DATA SHOWN:
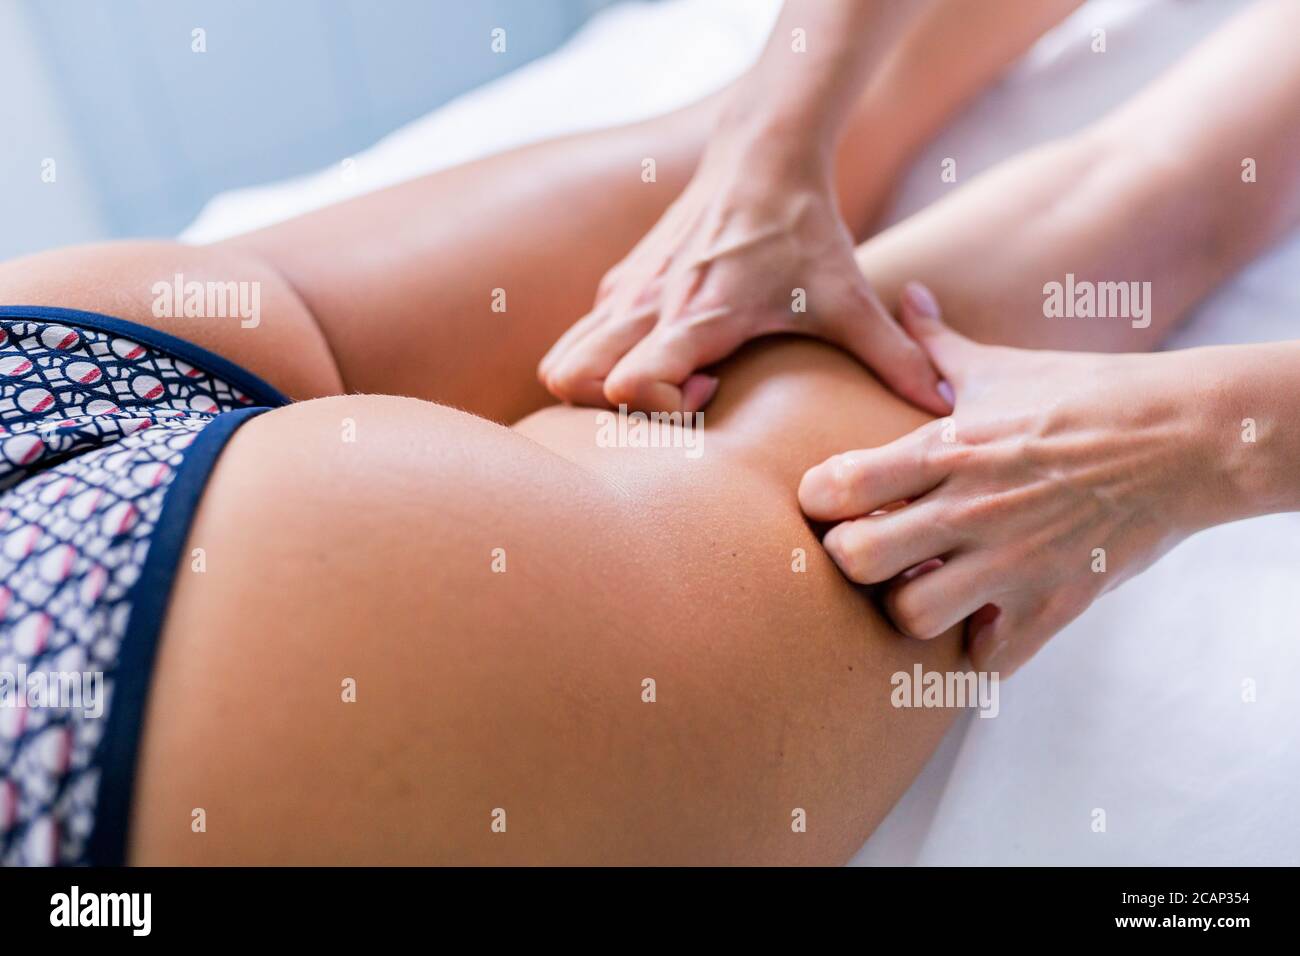 Legs and buttocks massage to reduce cellulite and phlebeurysm and preserve an healthy look image
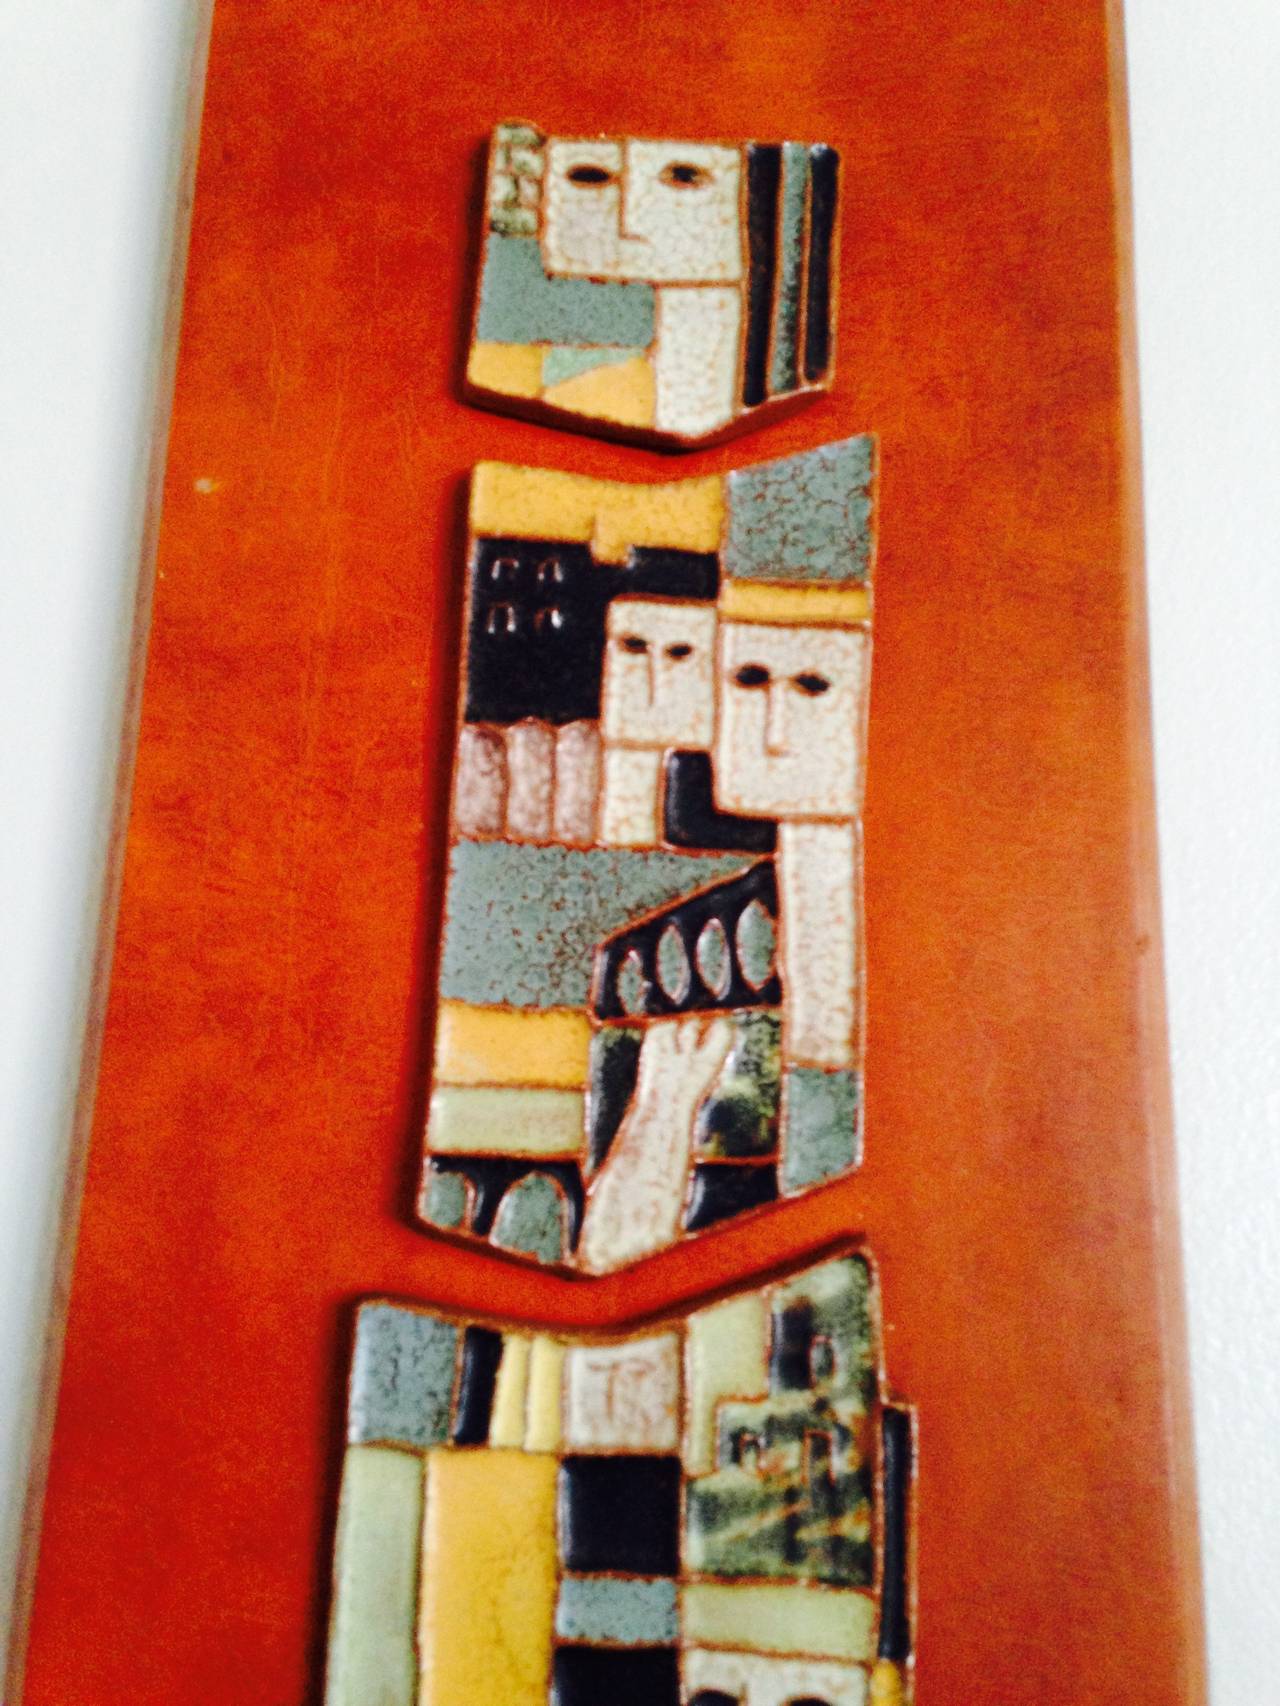 A great strong modernist design pair of ceramic plaques mounted on finished wood plaques created by Harris Strong the famed Mid-Century ceramicist. Nicely mounted with abstract figures these are a great wall accent for any Mid-Century Modern decor.
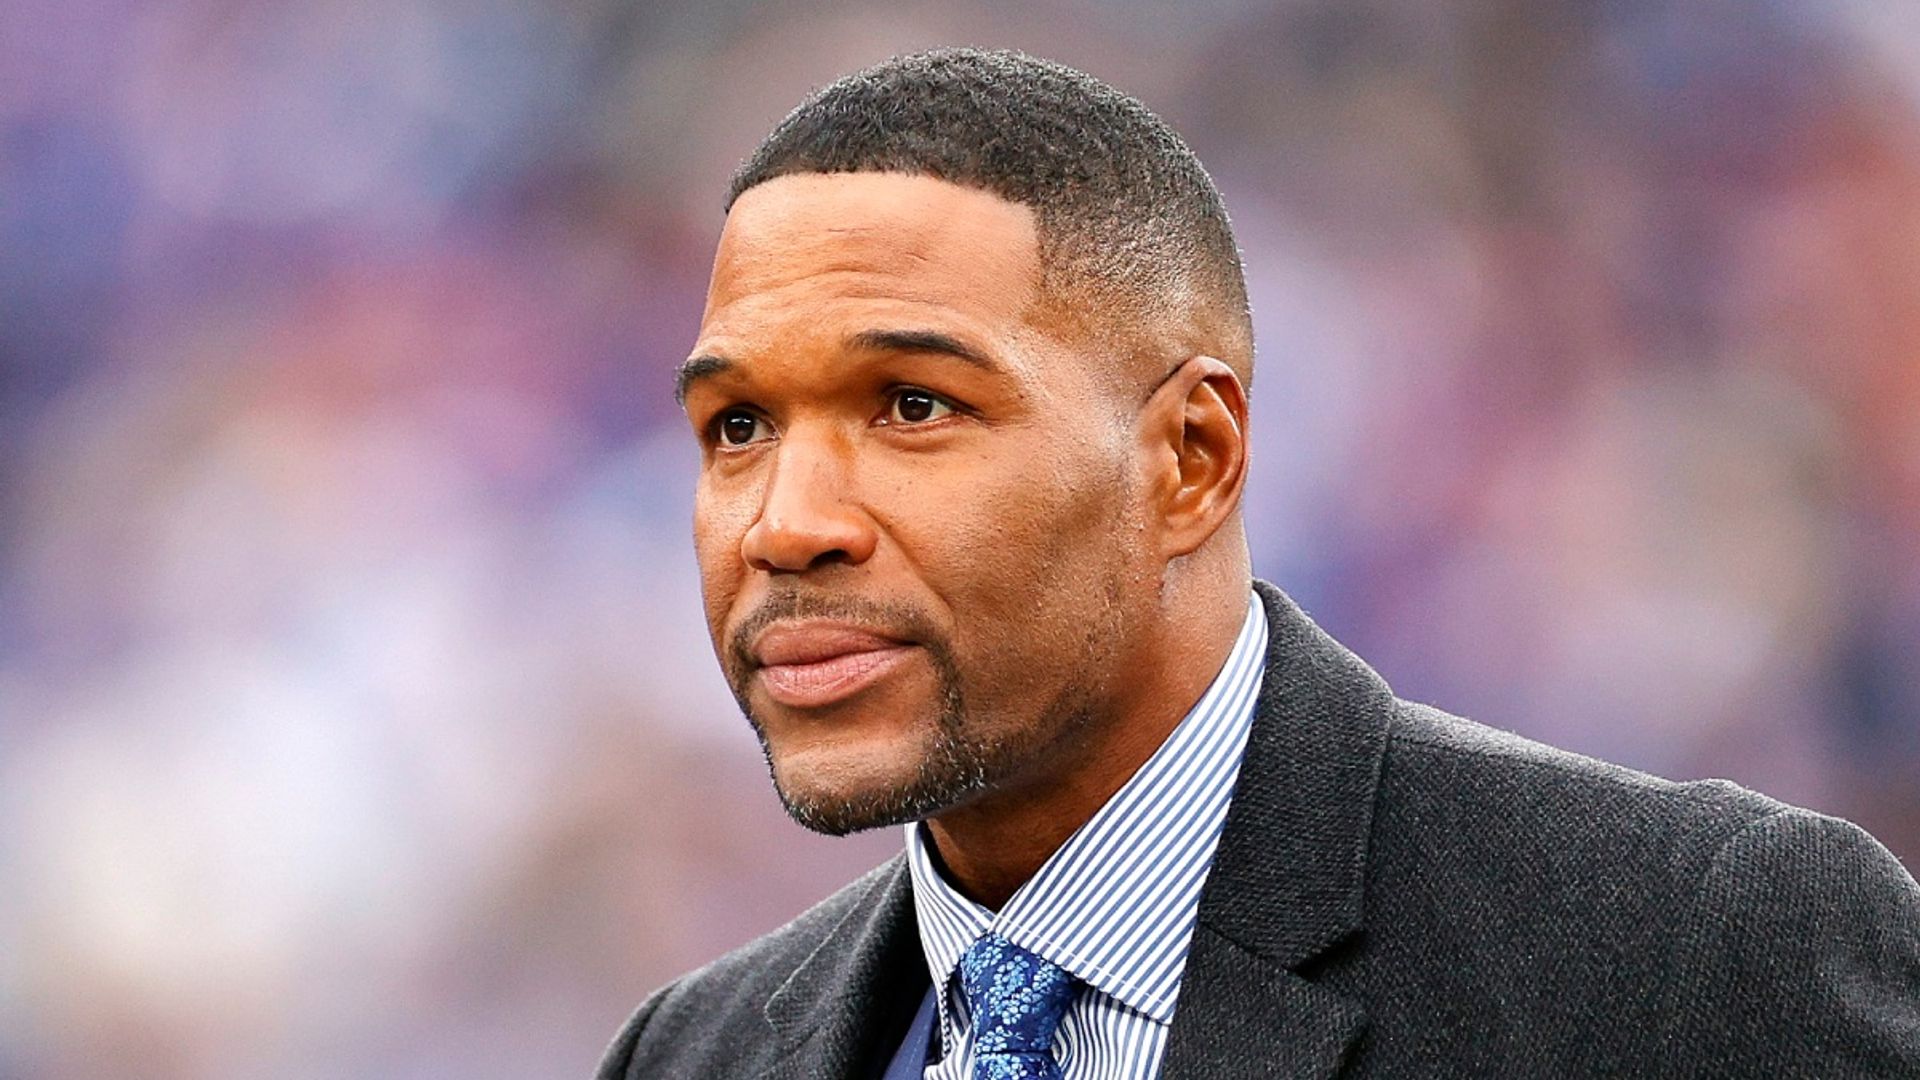 Gmas Michael Strahan Missing From Show Real Reason Revealed For Absence Hello

WHAT IS NEEDED: Repeat the data above word for word, without pictures.

RESPONSE:
 Legs and buttocks massage to reduce cellulite and phlebeurysm and preserve an healthy look image
 A great strong modernist design pair of ceramic plaques mounted on finished wood plaques created by Harris Strong the famed Mid-Century ceramicist. Nicely mounted with abstract figures these are a great wall accent for any Mid-Century Modern decor.
 Gmas Michael Strahan Missing From Show Real Reason Revealed For Absence Hello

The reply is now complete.